In this work, we introduce an NLOS reconstruction method using the phasor field formalism along with a convolutional fast Fourier transform (FFT) based Rayleigh Sommerfeld Diffraction (RSD) algorithm to provide fast non-approximative scene reconstructions for general capture setups, in particular including non-confocal setups using a single laser and a sensor array. Our hardware prototype includes a SPAD detector and a picosecond pulse laser which will be mentioned specifically later.
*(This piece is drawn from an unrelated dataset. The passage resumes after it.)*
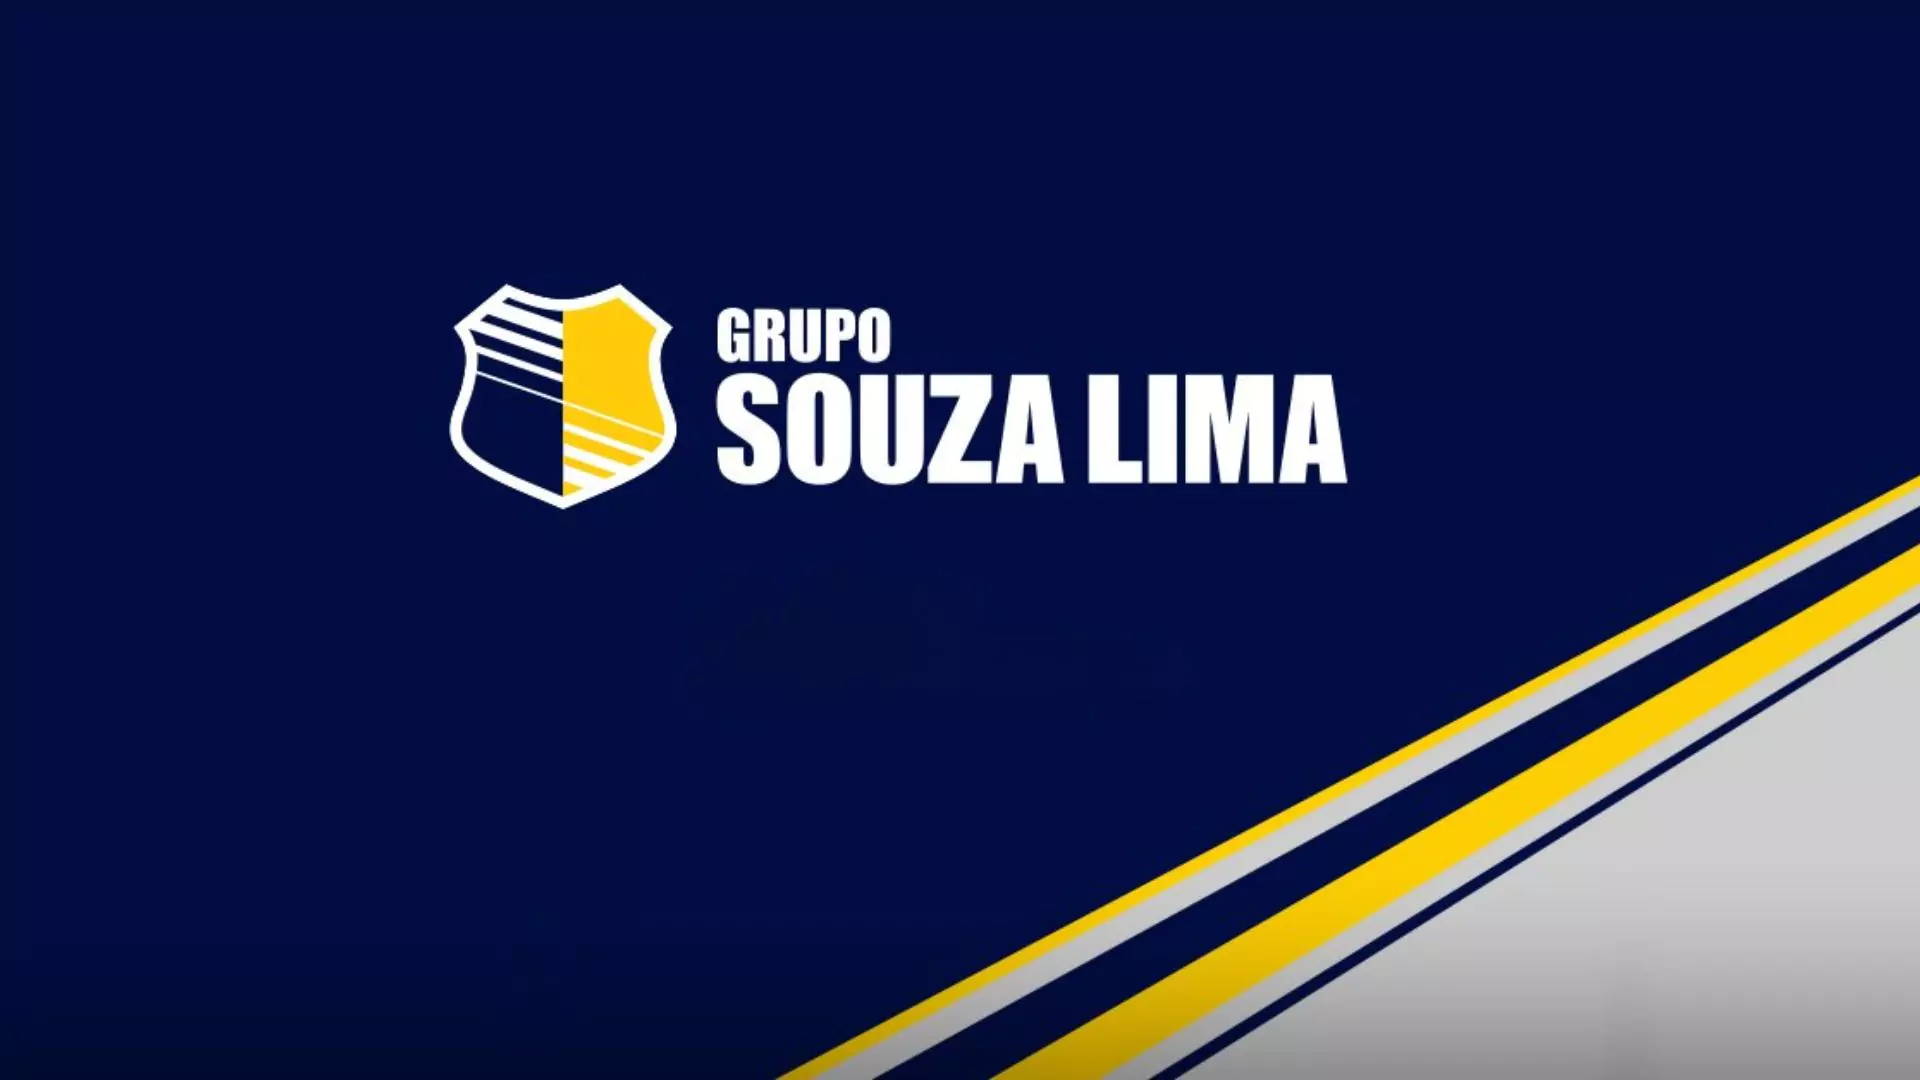 ANALISTA ADMINISTRATIVO: O Grupo Souza Lima Abriu Excelente Vaga Presencial!, ANALISTA DE RH no Grupo Souza Lima! Salário de R$ 3.051,13 + Benefícios!
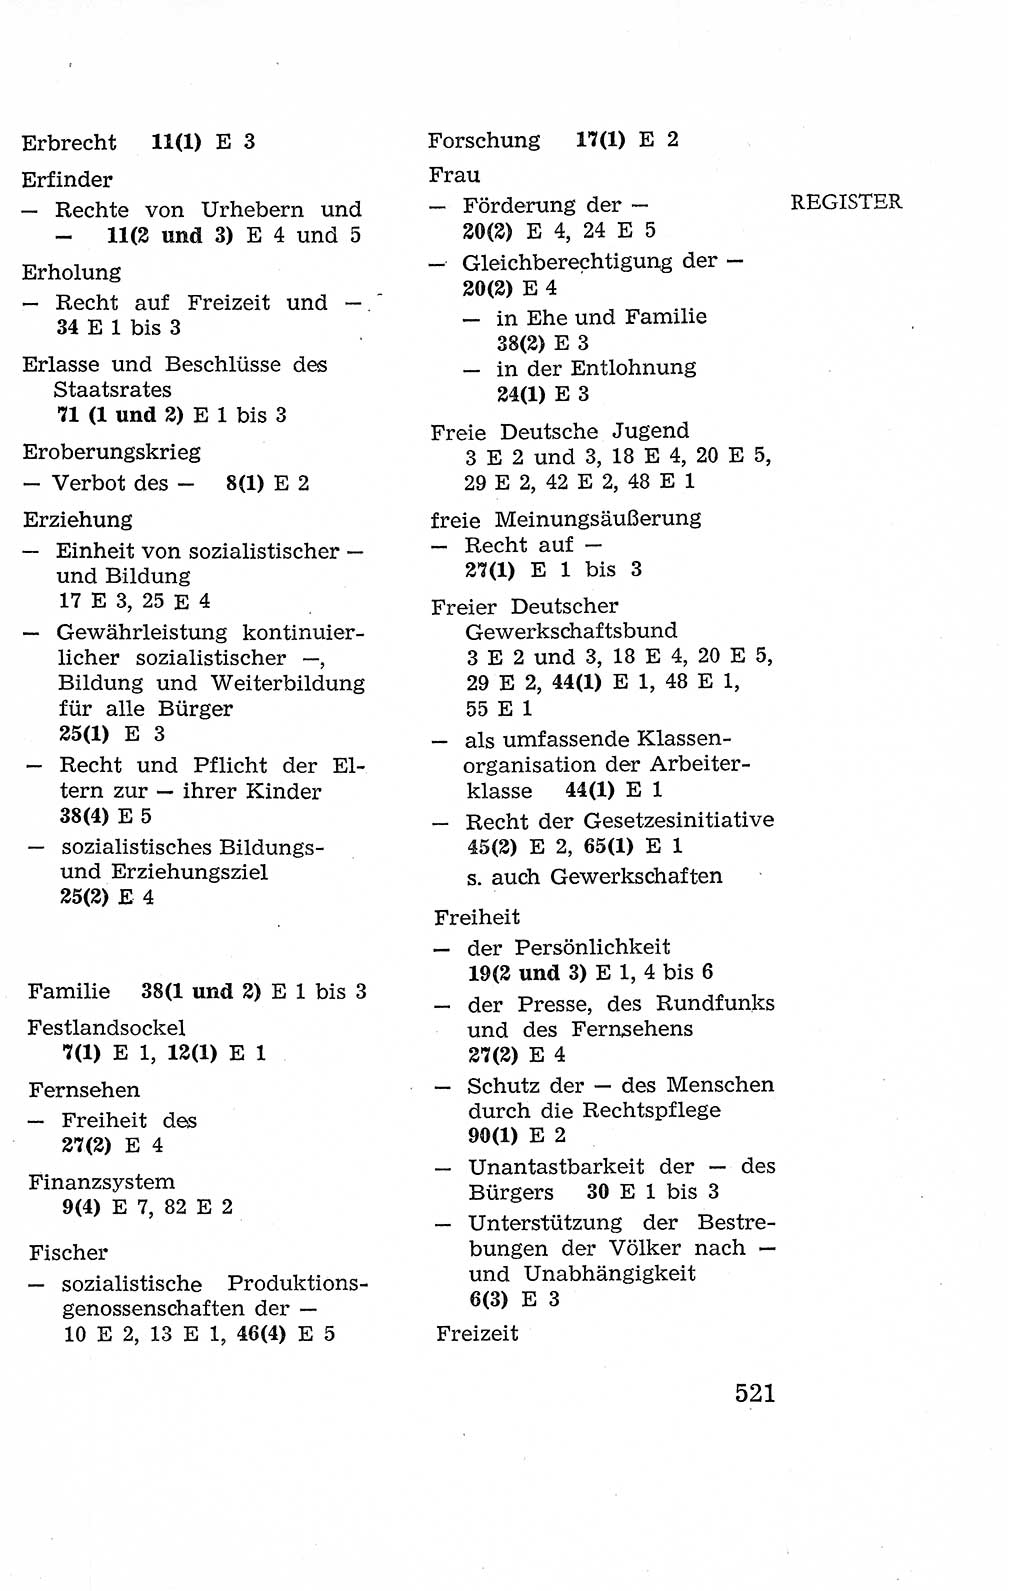 Verfassung der Deutschen Demokratischen Republik (DDR), Dokumente, Kommentar 1969, Band 2, Seite 521 (Verf. DDR Dok. Komm. 1969, Bd. 2, S. 521)

When used in the confocal scenario, this new method performs at speed similar to LCT and FK Migration, while requiring significantly less memory. In addition to applying our new algorithm to open source data9,10, we also perform several additional experiments.

Results

Phasor field NLOS camera

The concept of phasor field NLOS imaging is described in Fig. 1. Data from the scene is collected by illuminating a set of points xp on a relay surface P and collecting the light returned at points xc on a relay surface C. This data set represents impulse responses H(xp → xct) of the scene. Using such an impulse response we can compute the scene response at points xc to an input signal \({\mathcal{P}}({{\bf{x}}}_{{\rm{p}}},t)\) as

$${\mathcal{P}}({{\bf{x}}}_{{\rm{c}}},t)=\int _{{\rm{P}}}[{\mathcal{P}}{({{\bf{x}}}_{{\rm{p}}},t)} {\mathop * _{t}} \,H({{\bf{x}}}_{{\rm{p}}}\to {{\bf{x}}}_{{\rm{c}}},t)]\mathrm{d}{{\bf{x}}}_{{\rm{p}}}$$
(1)

where the \({\mathop {*} \limits_{t}}\) operator indicates a convolution in time. We call the quantities \({\mathcal{P}}({{\bf{x}}}_{{\rm{p}}},t)\) and \({\mathcal{P}}({{\bf{x}}}_{{\rm{c}}},t)\) phasor field wavefronts. \({\mathcal{P}}({{\bf{x}}}_{{\rm{c}}},t)\) describes the wavefront that would be returned from the scene if it were illuminated by a illumination wave \({\mathcal{P}}({{\bf{x}}}_{{\rm{p}}},t)\). Reconstructing an image from the wave front of a reflected wave is the fundamental problem solved by a line of sight imaging system. The reconstruction operation

$$I({{\bf{x}}}_{{\rm{v}}},t)=\Phi ({\mathcal{P}}({{\bf{x}}}_{{\rm{c}}},t))$$
(2)

resulting in a 3D image I(xv) of the scene amounts to propagation of the wavefront at C back into the scene into the points xv where it has the shape of the scene objects. The Fourier domain version \({\Phi }_{{\mathcal{F}}}(\cdot )\) of the wave propagation operator Φ() is known as the Rayleigh-Sommerfeld Diffraction (RSD) integral:

$$\Phi ({{\mathcal{P}}}_{{\mathcal{F}}}({{\bf{x}}}_{{\rm{c}}},\Omega ))={\left|{{\mathcal{R}}}_{{{\bf{x}}}_{{\rm{v}}}}({{\mathcal{P}}}_{{\mathcal{F}}}({{\bf{x}}}_{{\rm{c}}},\Omega ))\right|}^{2}.$$
(3)

The RSD in the considered context is calculated by

$${\mathcal{R}}_{{\bf{x}}_{\rm{v}}}({\mathcal{P}}_{\mathcal{F}}({{\bf{x}}_{{\rm{c}}}},\Omega))=\alpha ({\bf{x}}_{\rm{v}})\int _{\rm{C}}{\mathcal{P}}_{\mathcal{F}}({\bf{x}}_{\rm{c}},\Omega)\underbrace{\frac{{e}^{-ik\left|{{\bf{x}}}_{\rm{c}}-{\bf{x}}_{\rm{v}}\right|}}{\left|{\bf{x}}_{\rm{c}}-{\bf{x}}_{\rm{v}}\right|}} _{{\rm{RSD}\,{\rm{diffraction}} \, {\rm{kernel}}}}\, {\mathrm{d}}{{\bf{x}}}_{{\rm{c}}}.$$
(4)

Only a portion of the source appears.